= Garbo Laughs =

2003 Canadian novel by Elizabeth Hay

Garbo Laughs is a 2003 Canadian novel by Elizabeth Hay. Set in Ottawa the novel focuses on Harriet Browning, a writer in her 40s who is obsessed with movies, and a group of her friends and neighbours who live in Old Ottawa South. The title references the 1939 American film Ninotchka which starred Greta Garbo as the titular character and used the phrase "Garbo Laughs" in promotional materials.

==Summary==
Harriet Browning is a novelist in her 40s who has recently moved into a house in Old Ottawa South with her husband, Lew, and their two children Jane and Kenny. Harriet has trouble adjusting to life in Ottawa with her lone friend being her neighbour, Dinah Bloom, a life-long bachelorette and journalist who, like Harriet and her children, has an obsessive love of cinema.

Harriet receives a letter from her aunt, Leah, who informs her that she is writing a book on her deceased husband's life in conjunction with her step-son, Jack Frame. Both Jack and Leah decide to come to Ottawa as papers they need for their book are stored at Library and Archives Canada.

Harriet has an antagonistic relationship with her aunt, whom she used as material for one of her novels. She is nevertheless persuaded into hosting her and Leah's visit coincides with the January 1998 North American ice storm. Harriet has had a long held flirtation with Jack Frame and finds herself drawn to him once again. At the same time Dinah develops a tumour and her illness causes her attraction to Lew and Lew's attraction to Dinah to become more apparent to both them and their surrounding friends and family.

After a tree overburdened with ice falls and kills one of their neighbours, Harriet confronts Dinah about her relationship with Lew only for Dinah to tell her that Lew is only seriously interested in Harriet. Meanwhile, Jack tries to start an affair with Harriet and she rebuffs him.

Dinah convalesces and eventually marries Jack Frame, against Harriet's wishes. Dinah decides to move to Nova Scotia with him.

Harriet develops cancer and turns against movies. Shortly before her death, she reconnects with them once more thanks to Kenny.

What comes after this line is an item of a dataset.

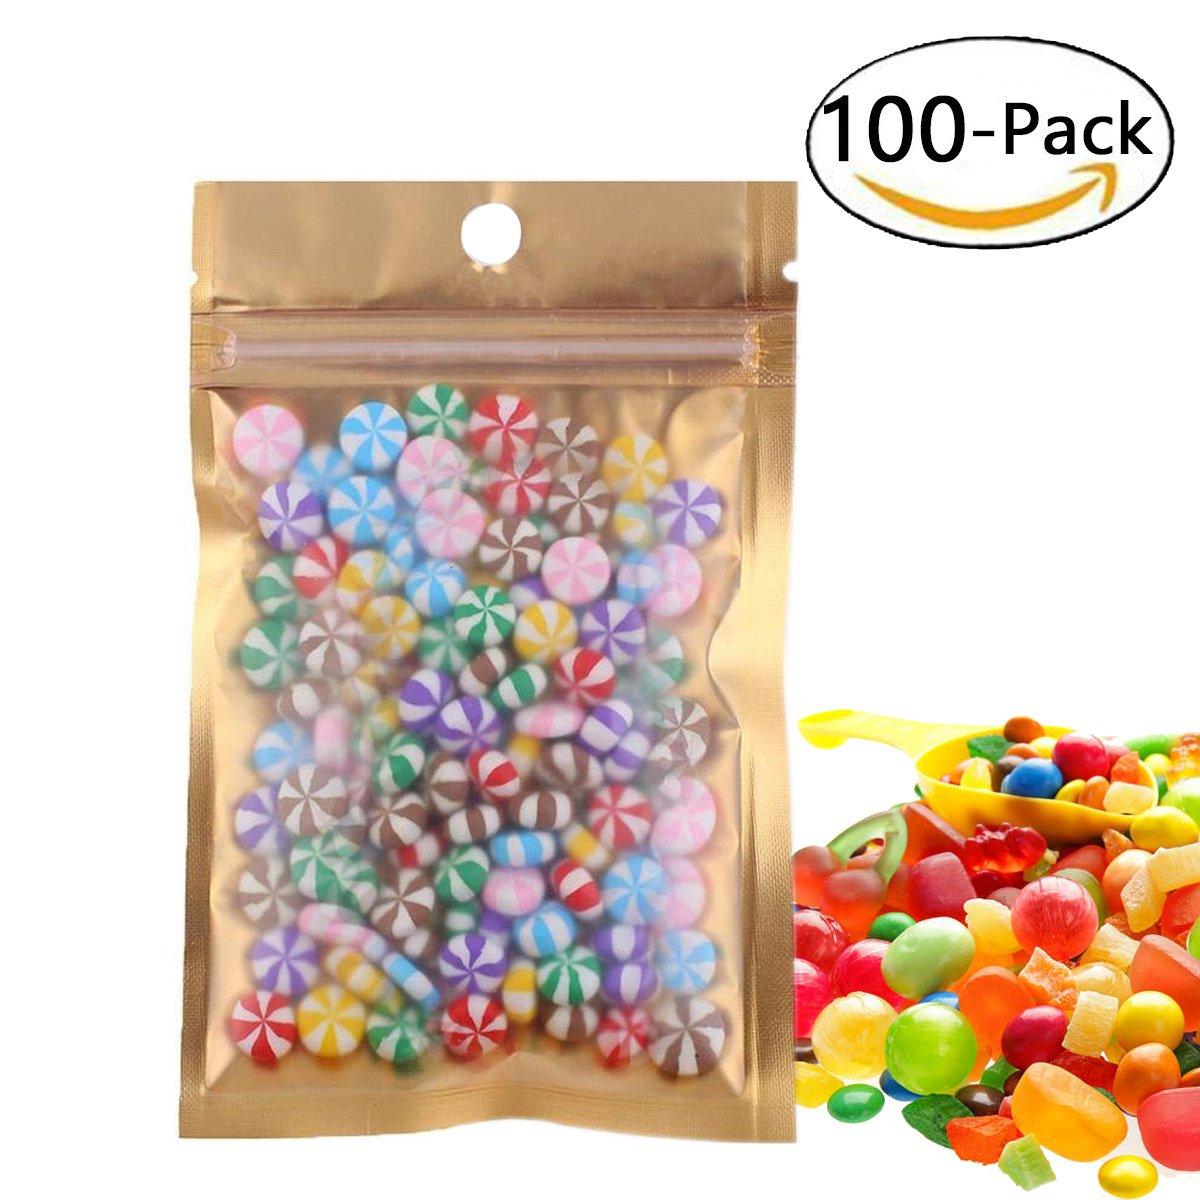 Wekoil Mylar Bags Zip Lock Clear Golden Front Aluminum Foil Wrapper Bags Resealable Packaging Storing Zipper Pouches Bulk Food Saver Lined Grip Wrap 10cmx18cm/4''x7'',PACK 100 Bags.

The following year after her marriage to Jack Frame collapses Dinah returns to Old Ottawa South. When she re-encounters Lew, Jane senses romance between her father and Dinah.

==Characters==
- Harriet Browning - a taciturn novelist in her 40s who has an obsessive love of cinema and secretly writes letters to Pauline Kael
- Lew Gold - Harriet's architect husband who is in love with his wife but also harbours a crush on their neighbour and friend, Dinah Bloom
- Dinah Bloom - a journalist a decade older than Harriet who falls in love with the Gold family and who also loves movies
- Kenny Gold - Harriet's younger son who is a sensitive adolescent who is obsessed with movies
- Jack Frame - The son of failed screenwriter Lionel Frame who has married multiple times and has a long-standing flirtation with Harriet
- Leah Frame - Harriet's aunt and Lionel Frame's widow who is combative and manipulative

==Reception==
Garbo Laughs received mostly positive reviews. Quill & Quire called the novel "rich, lovely". The New York Times praised Hay's "fresh observations on the ebb and flow of love, the vagaries of female friendship, the power of the changing seasons". Publishers Weekly praised it as a "gracefully written novel".

==Awards==
The novel was a finalist for the 2003 Governor General's Award for English-language fiction. It was the winner of the 2004 Ottawa Book Award.